二十二話:嘘とホントと
「お前、さっきの尋問嘘ついたろ」
メイリィの口から衝撃的な一言がでた。オレの動きはまるで石化したかのように止まり、ピクリとも動かなくなる。
まずい、とてもまずい状況だ……。もしメイリィに写真について何か知ってるかもしれないということを知られたらオレの身に何が起きるかわからない。
息をすることすら命取りかと思えるほどに緊張の一時が流れる。言葉は一言もない。だが多分メイリィも確信している。オレは何かを隠しているということを、さっきの尋問で嘘を吐いたということを、ゴクリとツバを喉に通す。
メイリィはその場で、腰に手を当てた状態で立っている。目はこちらを睨みつけるように見ている。
「まぁ別にいいんだけどよどうでも、あたしの担当じゃねぇしな……鈴井翼。お前時には大人を頼れよ」
そう言うとメイリィは乱暴に車のドアを締めて荒い運転で帰っていった。
予想外だった。メイリィに嘘がバレたものだからその場で拷問でもされるのかと思ったが……。
そんなことは今はどうでもいい、オレは家のドアを勢いよく開けた。目の前には母と父が立っている。
「お前今日、勝久さんから離されたろ色々と」
父が一言だけ言う。やっぱり尋問についても知っていたのか……。というか勝久の言ってた親の提案と言うのは本当だったのか、少し疑っていたがなんだか少し安心した。
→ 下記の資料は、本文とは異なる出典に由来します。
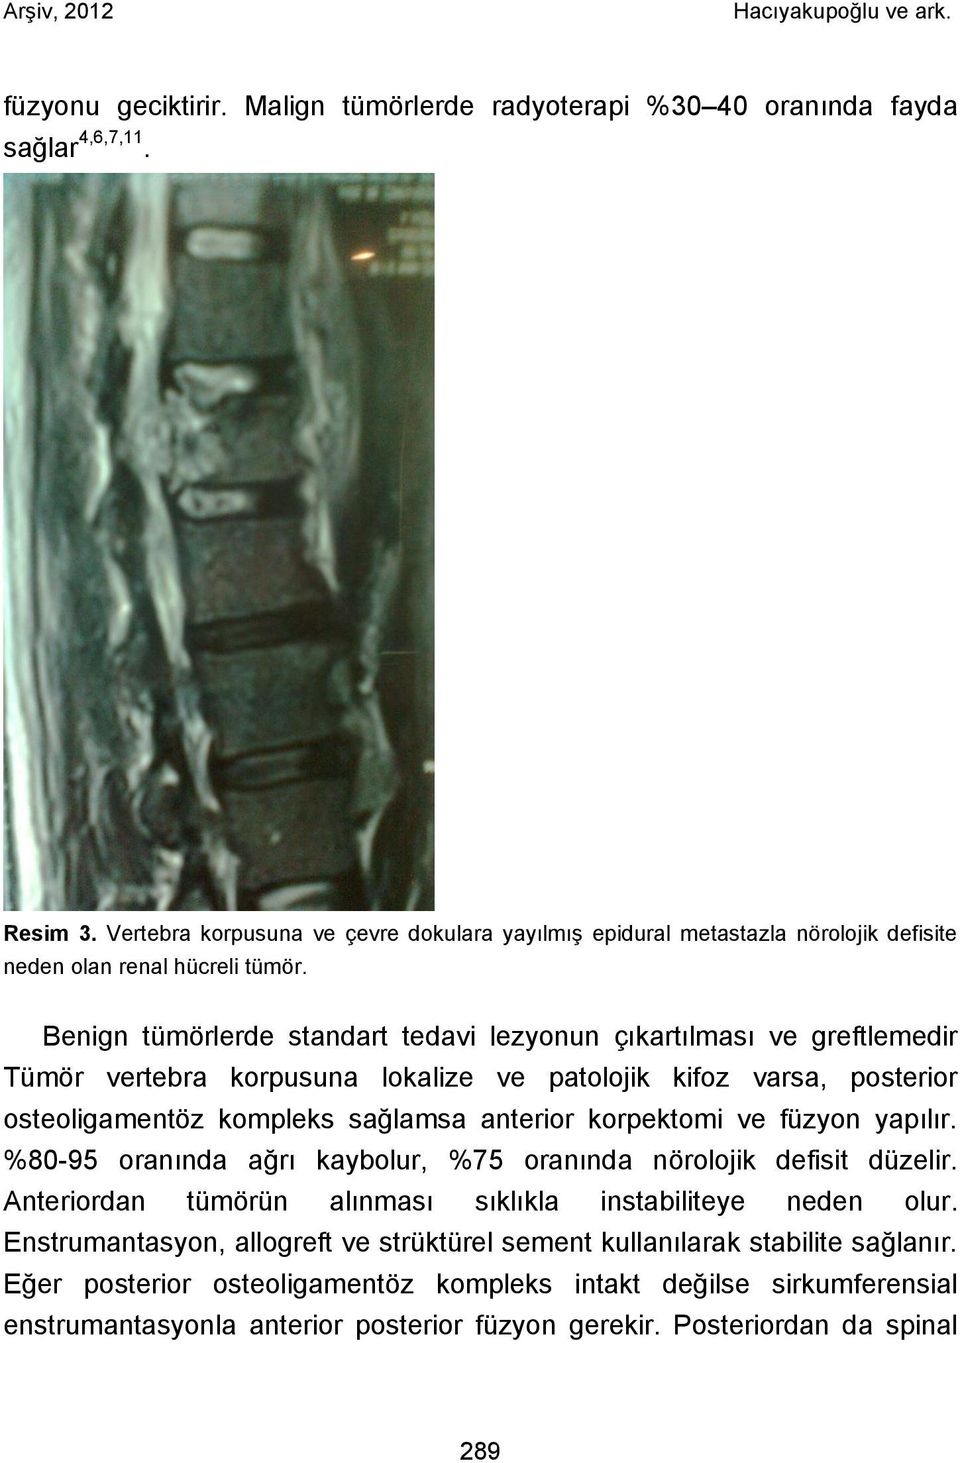 Benign tümörlerde standart tedavi lezyonun çıkartılması ve greftlemedir Tümör vertebra korpusuna lokalize ve patolojik kifoz varsa, posterior osteoligamentöz kompleks sağlamsa anterior korpektomi ve

俺が安堵している時だった。父がオレに向かって頭を下げたのだ。
「すまん!説明が遅れていた。お前にまだ人間と関係を持つのは難しいと思って……」
「いや、別にいいよ」
オレは父の言葉を遮った。
「謝らないでくれよ。正直言って感謝してるんだ。オレ、あのクラスで、楽しく過ごせているし、友達もできた。オレはあのクラスでよかったと思う」
俺がそう言うと両親は安心したのかふたりでオレを抱きしめた。少し力が強かったがそれだけ親はオレのことを心配していたのだろう……。
その後、学校であったことや、イブやレヴェラ、メルゼに勇気の事を話た。話は盛り上がり、結局夜遅くまで話は続くことになったのだった。
オレは自室に入り、ベットに横たわる、まだ数分もたっていないだろうに、あまりの疲れにオレは深い眠りについたのだった。
目が覚めると、そこは真っ白な空間が広がっていた。オレは1人その空間にぽつんと立っている。
その時だったどこからか足音が聞こえる気がした。俺が後を振り返ると何かがいた。
わからない、視認できるのに、姿は見えるのに、なぜか言葉に表せない。目の前にいるのにわからない。
やつはゆっくりと歩き、オレの目の前に立つ。そして一言だけ告げた。
「9月に会えるよ……」
そこでオレの意識は途絶えるのだった。